Rod Jones

No. 22, 25
- Position: Cornerback

Personal information
- Born: March 31, 1964 (age 62) Dallas, Texas, U.S.
- Listed height: 6 ft 0 in (1.83 m)
- Listed weight: 185 lb (84 kg)

Career information
- High school: South Oak Cliff (Dallas)
- College: SMU
- NFL draft: 1986: 1st round, 25th overall pick

Career history
- Tampa Bay Buccaneers (1986–1989); Cincinnati Bengals (1990–1996);

Career NFL statistics
- Tackles: 531
- Interceptions: 10
- Fumble recoveries: 6
- Stats at Pro Football Reference

= Rod Jones (cornerback) =

American football player (born 1964)

Roderick Wayne Jones (born March 31, 1964) is an American former professional football player who was a cornerback in the National Football League (NFL). He was selected by the Tampa Bay Buccaneers in the first round (25th overall) of the 1986 NFL draft. A 1982 graduate of South Oak Cliff High School and former player for Southern Methodist University, Jones played in 11 seasons for the Bucs and Cincinnati Bengals from 1986 to 1996. Running for the SMU Mustangs track and field program, he was an All-American in the 400 meters, and won national titles with the 1,600-meter relay team in 1984 and 1986. The latter occurred only four days before his report to Buccaneers training camp. He won SMU's Big Hit award in his last two football seasons, where he was nicknamed "K.O." for his hard-hitting play. He was later named as one of the players who had received slush-fund money in the scandal that resulted in SMU receiving the "death penalty" from the NCAA.

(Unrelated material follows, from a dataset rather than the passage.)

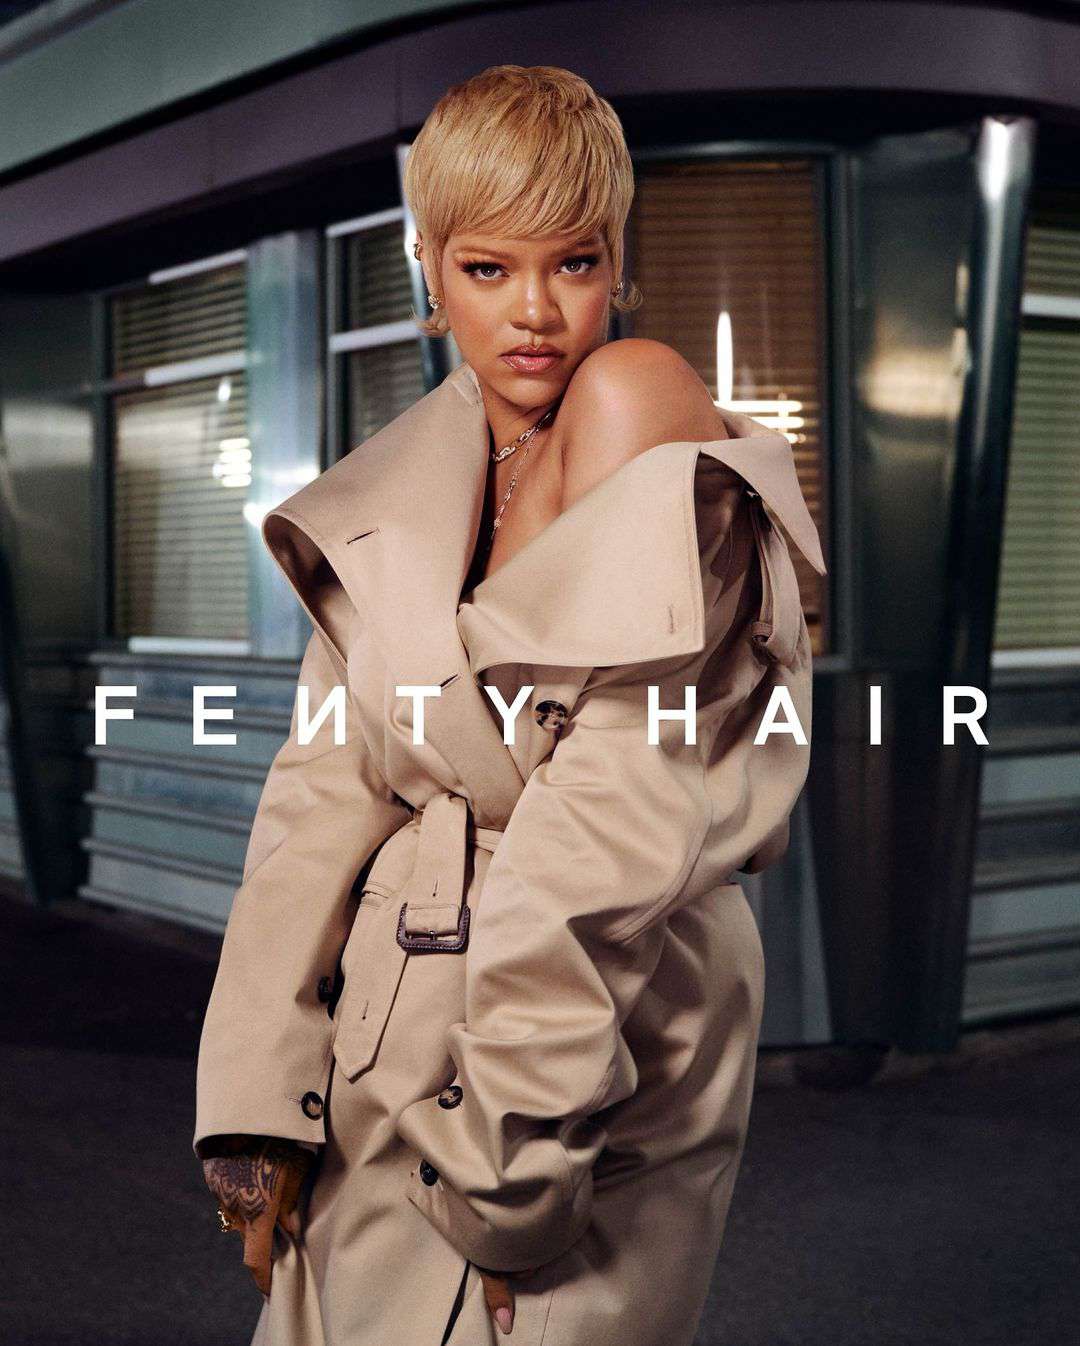 Rihanna with a pixie cut for Fenty Hair.

Jones was the first of the 1986 first-round draft picks to sign with his team. There was concern that his contract, described as "terrible" by sports agents, would set a bad precedent in negotiations that year. It featured a high signing bonus and a salary far below the previous year's average. He was inserted immediately into the Bucs' starting lineup as a rookie. In his professional career, he appeared in 146 games, intercepting 10 passes for 49 yards.

Jones' claim to fame is having caught Bo Jackson, who appeared to have a touchdown, from behind after an 88-yard run in 1990.